主要采集栏目搜索出自己想要的文档,然后进行采集下载本地中。

以下是完整代码,在使用代码请安装好对应的包,如果是pycharm 在设置 和 控制台终端 都可以安装。需要注意的是 自己需要替换 headers 内容。

我使用的环境是:

Windows 11 64位教育版

Pycharm 2023.2.3版本

python 3.6.8 

# encoding:utf-8

import json

import random

import time

import requests

from bs4 import BeautifulSoup

import csv

import os

import urllib.parse

"""

1、excel格式,只要标题加 HTML阅读连接

2、把内容写入到WORD或者直接下载PDF

要求:全文设置关键字新农人,爬取标题、文章链接 。就这2个内容

"""

headers = {

'Accept': 'text/html,application/xhtml+xml,application/xml;q=0.9,image/avif,image/webp,image/apng,*/*;q=0.8,application/signed-exchange;v=b3;q=0.7',

'Accept-Language': 'zh,zh-CN;q=0.9',

'Cache-Control': 'max-age=0',

'Connection': 'keep-alive',

'Cookie':"请替换自己的COOKIE",

'Referer': 'https://navi.cnki.net/',

'Sec-Fetch-Dest': 'document',

'Sec-Fetch-Mode': 'navigate',

'Sec-Fetch-Site': 'same-site',

'Sec-Fetch-User': '?1',

'Upgrade-Insecure-Requests': '1',

'User-Agent': 'Mozilla/5.0 (Windows NT 10.0; Win64; x64) AppleWebKit/537.36 (KHTML, like Gecko) Chrome/119.0.0.0 Safari/537.36',

'sec-ch-ua': '"Google Chrome";v="119", "Chromium";v="119", "Not?A_Brand";v="24"',

'sec-ch-ua-mobile': '?0',

'sec-ch-ua-platform': '"Windows"',

}

def get_index(page,baseId,key_words):

form_data = {

'pcode': 'CCND',

'baseId': baseId,

'where': '%28QW%25%27%7B0%7D%27%29',

# 'where': '%28QW%25%27%7B0%7D%27%29',

'searchText': key_words,

'condition': '',

'orderby': 'FFD',

'ordertype': 'DESC',

'scope': '',

'pageIndex': page,

'pageSize': '20',

'searchType': '全文',

}

headers = {

'Accept': '*/*',

# 'Accept-Encoding': 'gzip, deflate, br',

'Accept-Language': 'zh-CN,zh;q=0.9,en;q=0.8,en-GB;q=0.7,en-US;q=0.6',

'Connection': 'keep-alive',

'Content-Length': '223',

'Content-Type': 'application/x-www-form-urlencoded; charset=UTF-8',

'Cookie': "请替换自己的COOKIE",

'Host': 'navi.cnki.net',

'Origin': 'https://navi.cnki.net',

'Referer': 'https://navi.cnki.net/knavi/newspapers/NMRB/detail?uniplatform=NZKPT',

'Sec-Ch-Ua': '"Microsoft Edge";v="119", "Chromium";v="119", "Not?A_Brand";v="24"',

'Sec-Ch-Ua-Mobile': '?0',

'Sec-Ch-Ua-Platform': '"Windows"',

'Sec-Fetch-Dest': 'empty',

'Sec-Fetch-Mode': 'cors',

'Sec-Fetch-Site': 'same-origin',

'User-Agent': 'Mozilla/5.0 (Windows NT 10.0; Win64; x64) AppleWebKit/537.36 (KHTML, like Gecko) Chrome/119.0.0.0 Safari/537.36 Edg/119.0.0.0',

'X-Requested-With': 'XMLHttpRequest',

}

url = 'https://navi.cnki.net/knavi/newspapers/search/results'

response = requests.post(url, headers=headers, data=form_data)

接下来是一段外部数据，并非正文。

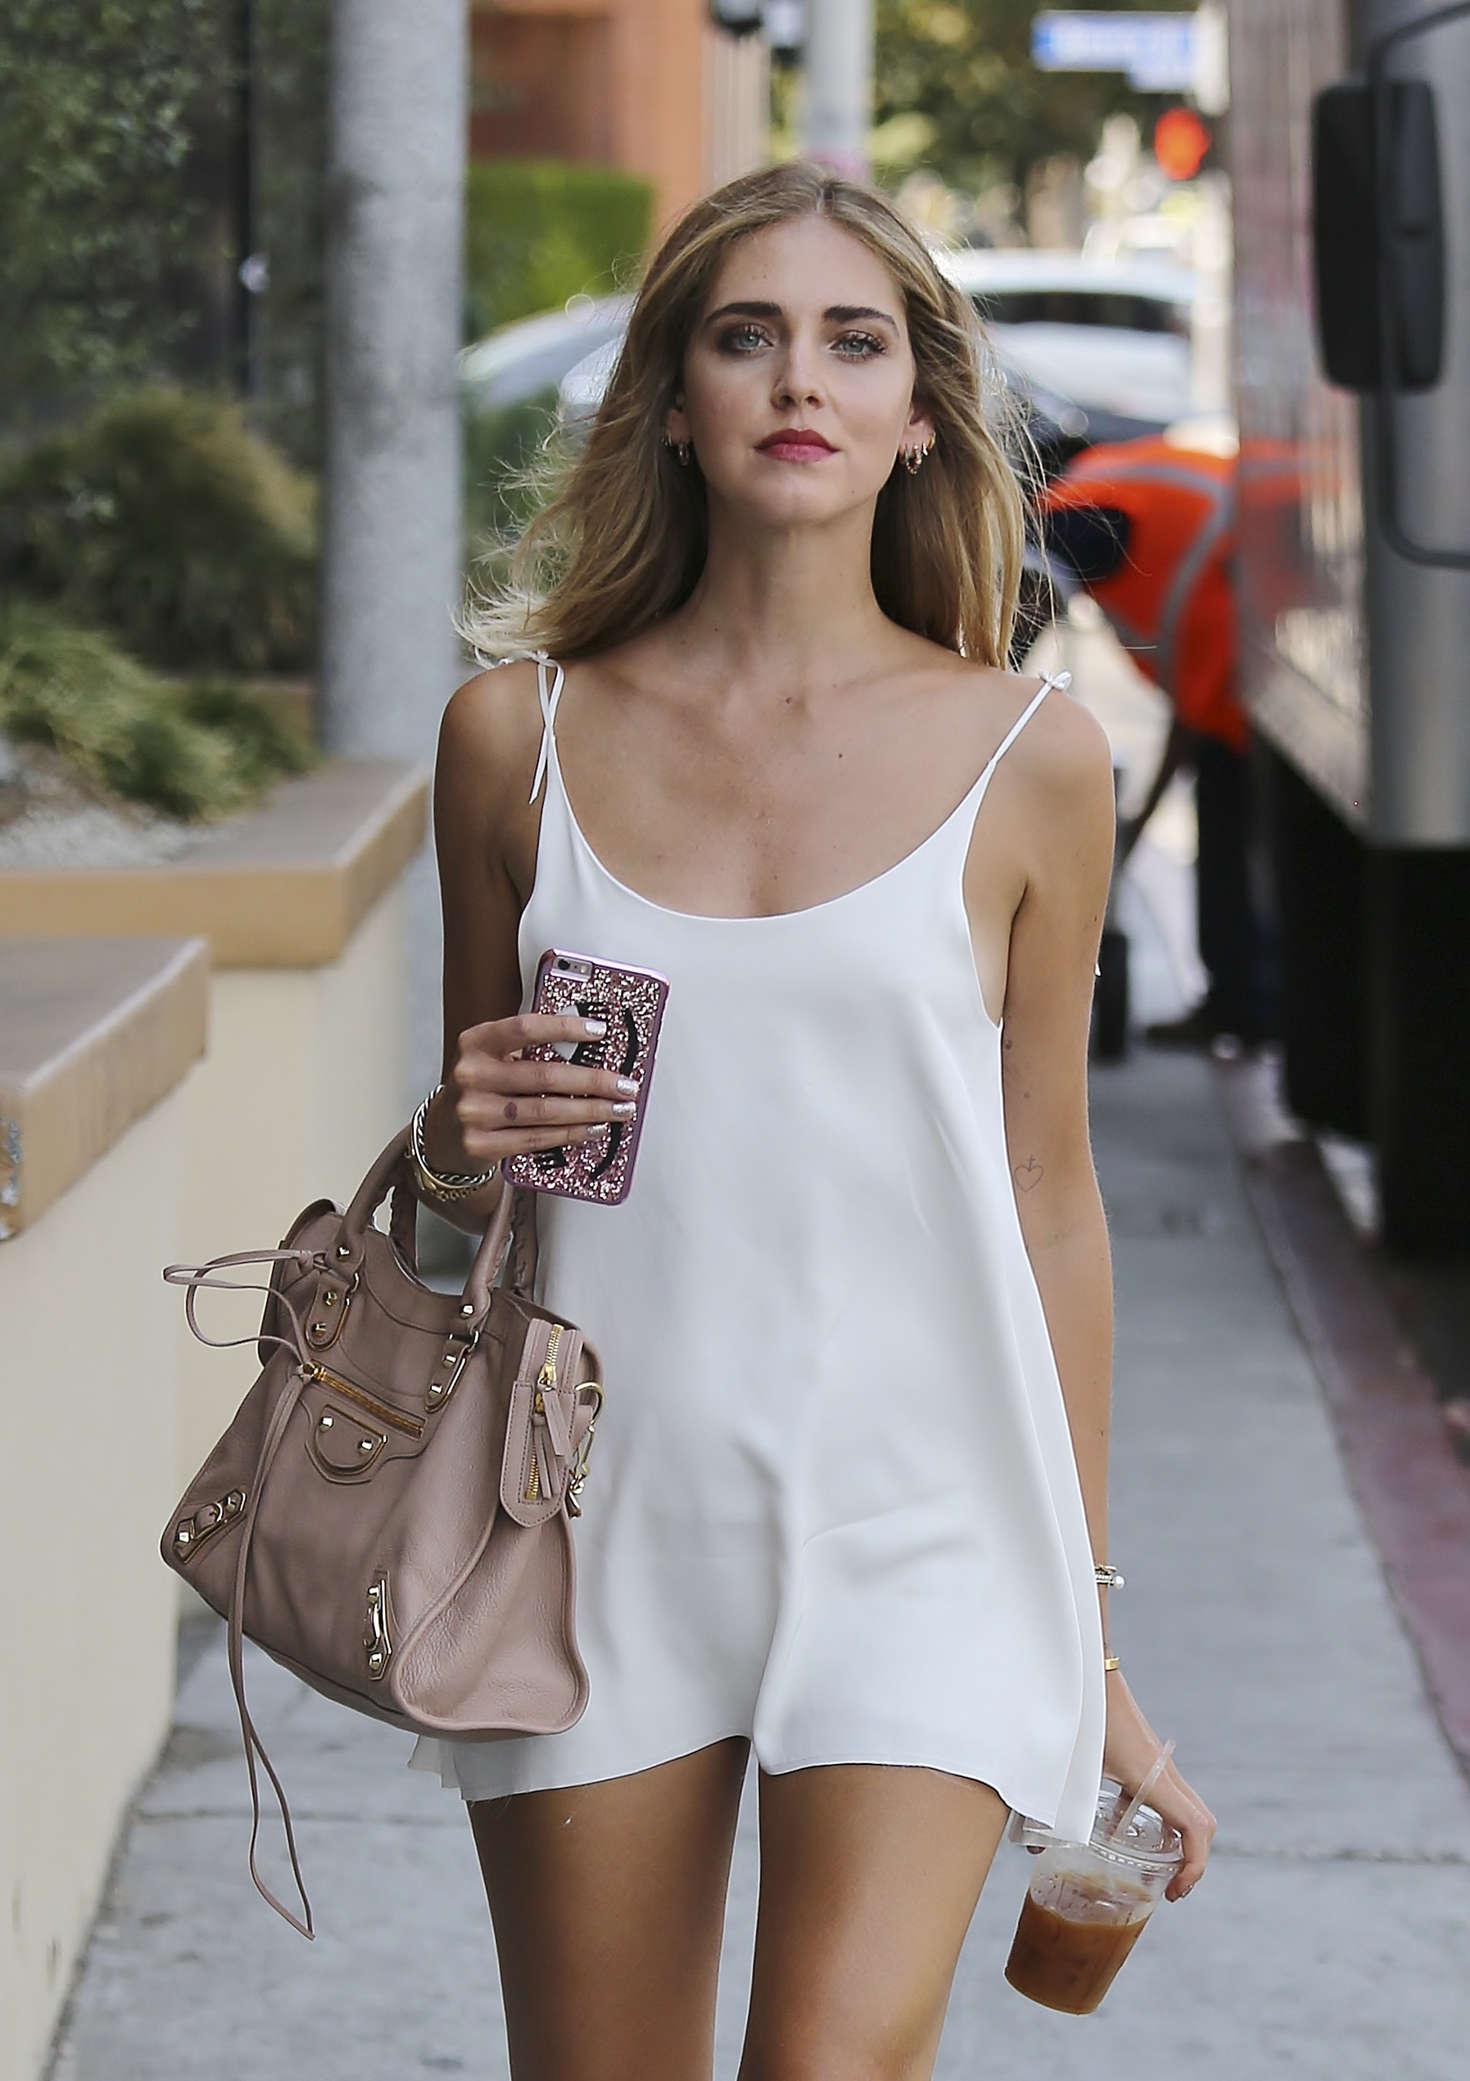 Chiara Ferragni in Mini Dress out in Los Angeles – GotCeleb
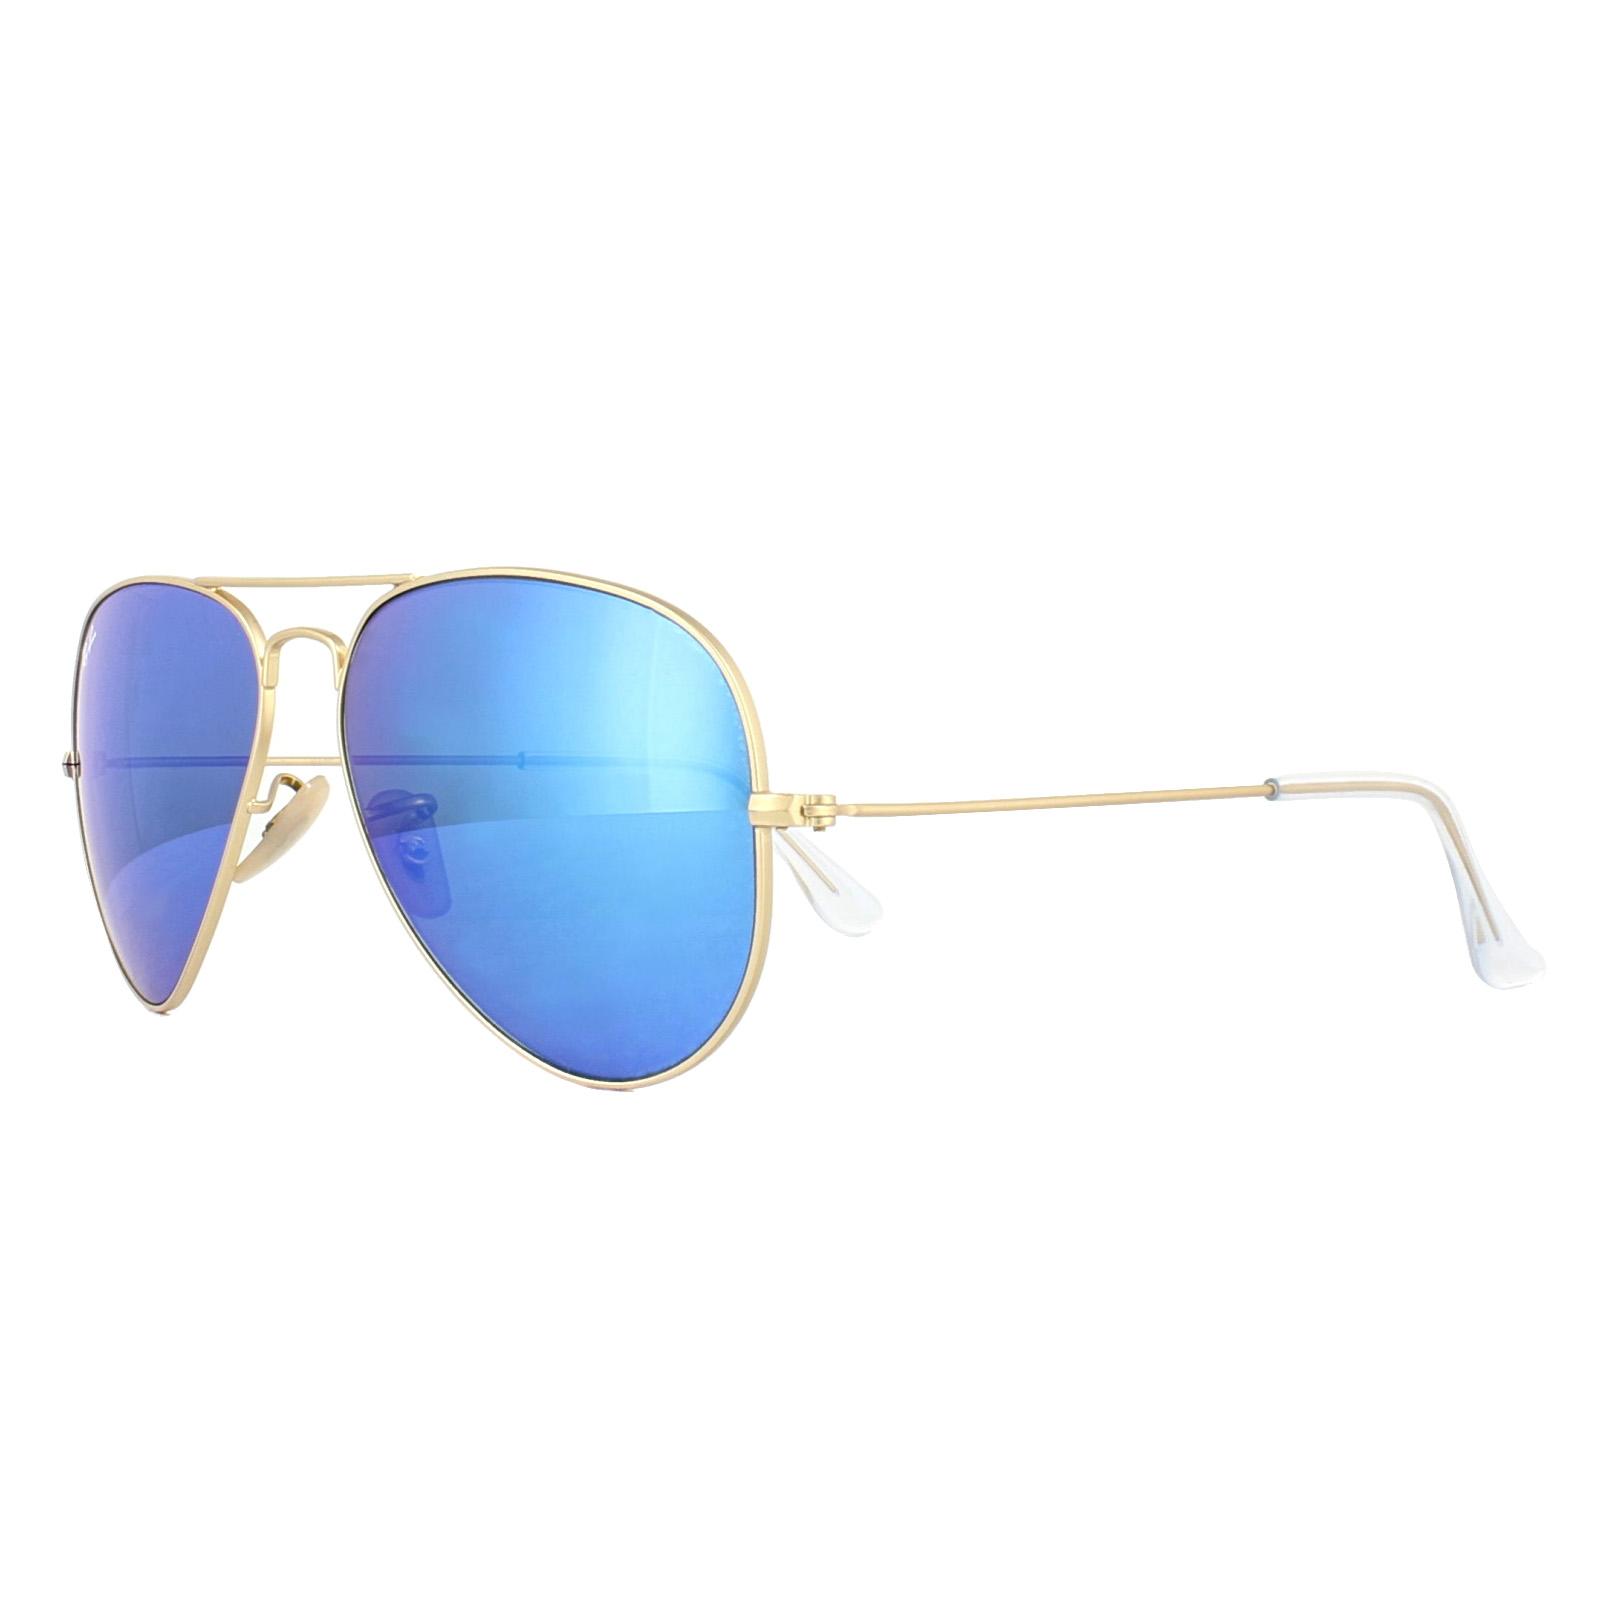 afa2cd0f8f49e CENTINELA Ray-Ban gafas de sol Aviator 3025 112 17 Matt Gold espejo azul  pequeño

html = BeautifulSoup(response.content, 'lxml')

for tag in html(['thead']):

tag.extract()

try:

content = html.find_all('table', class_="tableStyle")[0]

except:

print('采集完成!')

else:

content_tr = content.find_all('tr')

for ct in content_tr:

td = ct.find('td', class_="name")

try:

href = td.find('a')['href']

except:

href = ''

try:

name = td.find('a').text

except:

name = ''

try:

releaseDate = ct.find_all('td', align="center")

releaseDate = [rd.text for rd in releaseDate if '-' in str(rd.text)][0]

except:

releaseDate = ""

data = [name, releaseDate, href]

saveCsv(baseIds, data)

get_download_urls(href)

try:

pageCount = html.find('input', id="pageCount")['value']

except:

print('爬取完成!!!')

else:

page += 1

print(f'正在爬取{page + 1}页')

t = random.randint(1, 2)

print(f'休息 {t} 秒后继续爬取')

time.sleep(t)

get_index(page,baseIds)

def saveCsv(filename, content):

"保存数据为CSV文件 list 写入"

fp = open(f'{filename}.csv', 'a+', newline='', encoding='utf-8-sig')

csv_fp = csv.writer(fp)

csv_fp.writerow(content)

fp.close()

print(f'正在写入:{content}')

def get_download_urls(url):

response = requests.get(url, headers=headers)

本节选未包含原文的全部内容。